脱力系のテンポが秀逸なパレスチナのコメディー
いまや中国にドイツにと世界中のテレビ局が王朝物や陰謀物の大型ドラマで人気を競っているが、パレスチナも似た状況とは知らなかった。先週末封切られた「テルアビブ・オン・ファイア」はそんな意外性から始まる傑作なコメディーである。
パレスチナで喜劇? といぶかしがるのは実は偏見。どんな国だって人は笑いを求める。映画の始まりはパレスチナの女スパイがイスラエルの将軍に近寄る陰謀物語――と思ったら実は大人気テレビドラマの収録風景。
この番組に雑用で雇われたニートのパレスチナ人青年が、ひょんなことから国境検問所のイスラエル軍将校に見込まれる。

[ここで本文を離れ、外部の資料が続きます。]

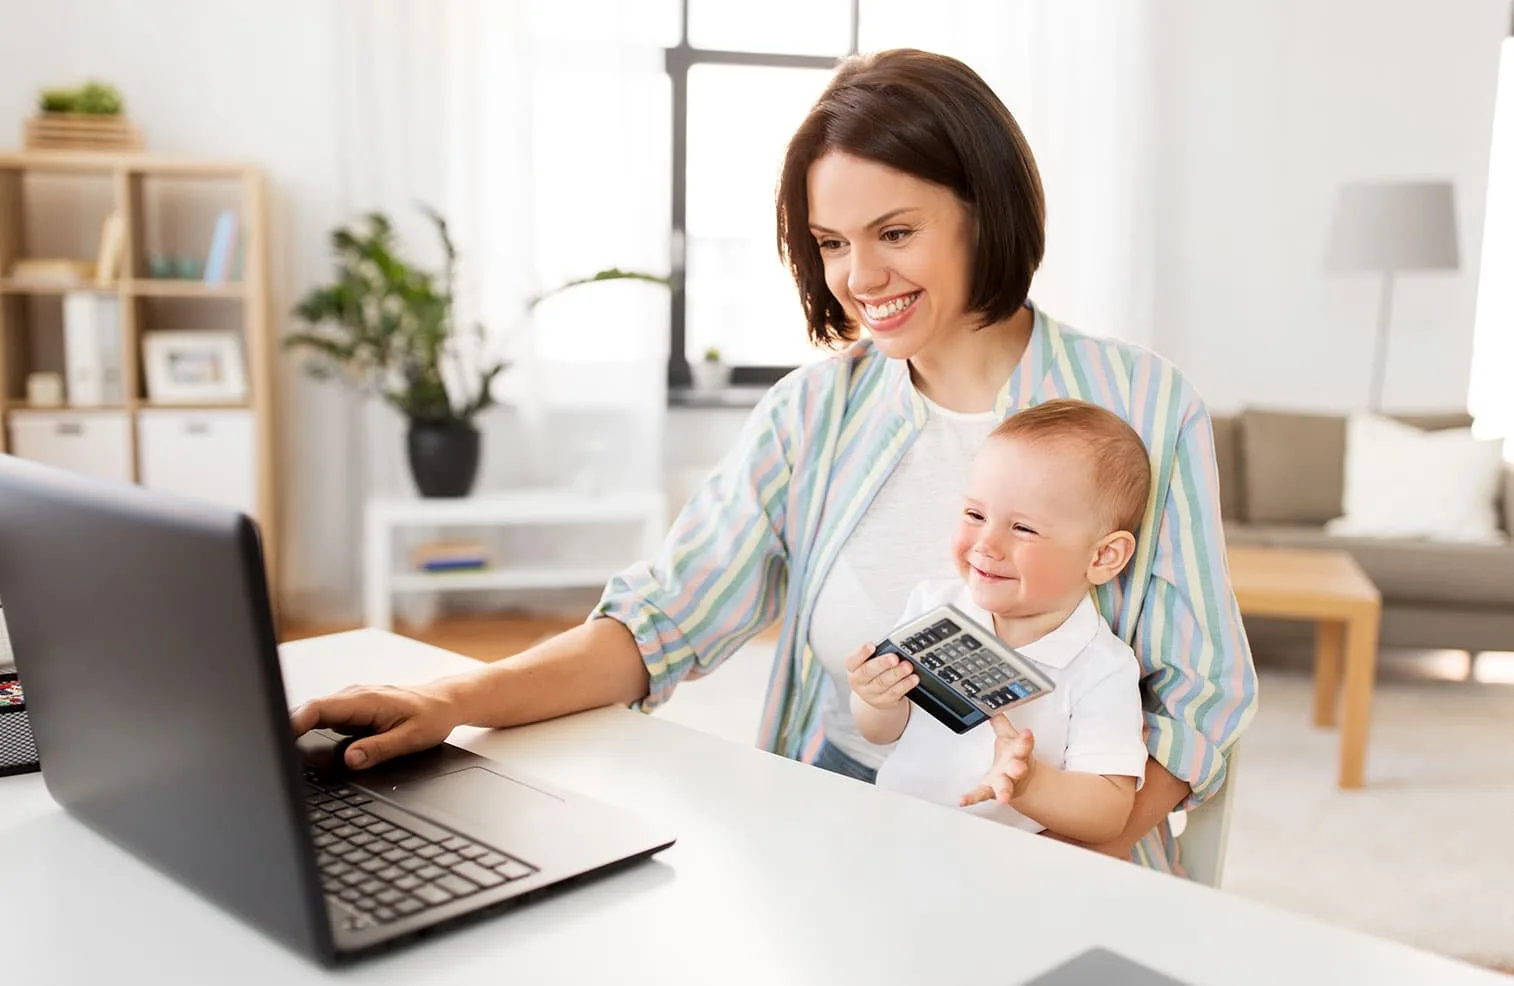 Working from home certainly has its perks and may seem like a dream situation, but working at home does have its challenges, especially if you have kids. Here are 7 challenges of working at home with kids and our best tips on how to overcome them!

実はこの番組、イスラエル側の女たちにも大人気の女スパイ版メロドラマ。将校は青年に脚本を変えろと圧力をかけ、青年は脚本家なりたさに圧力に従っていく……。
あらすじを書き出すとえらく不自然な話なのに、画面を見ると脱力系のテンポと細かなユーモアが実に秀逸で、ラストシーンぎりぎりまで絶妙の手腕で見る者を離さない。見終えるなり、一本とられたと額をたたくこと請け合いなのである。
こういうユーモアに対しては伝統のユダヤ・ジョークだろうか。「ユダヤ・ジョーク 人生の塩味」(ミルトス)などもあるが、ここは「イスラエルの星新一」ともいわれるエトガル・ケレット「突然ノックの音が」(新潮社 1900円)を推したい。楽しいばかりとは限らない悲喜劇や不条理の物語で、執筆はヘブライ語だそうだが、世界中に訳されている。
実は今月末には、イスラエルの傑作映画「戦場でワルツを」のアニメ部分の作画を担当した漫画家(アサフ・ハヌカ)との共著「ピッツェリア・カミカゼ」(河出書房新社 2900円)が翻訳出版される予定だという。中身は未見だが、書名からして期待をかき立てる一冊だ。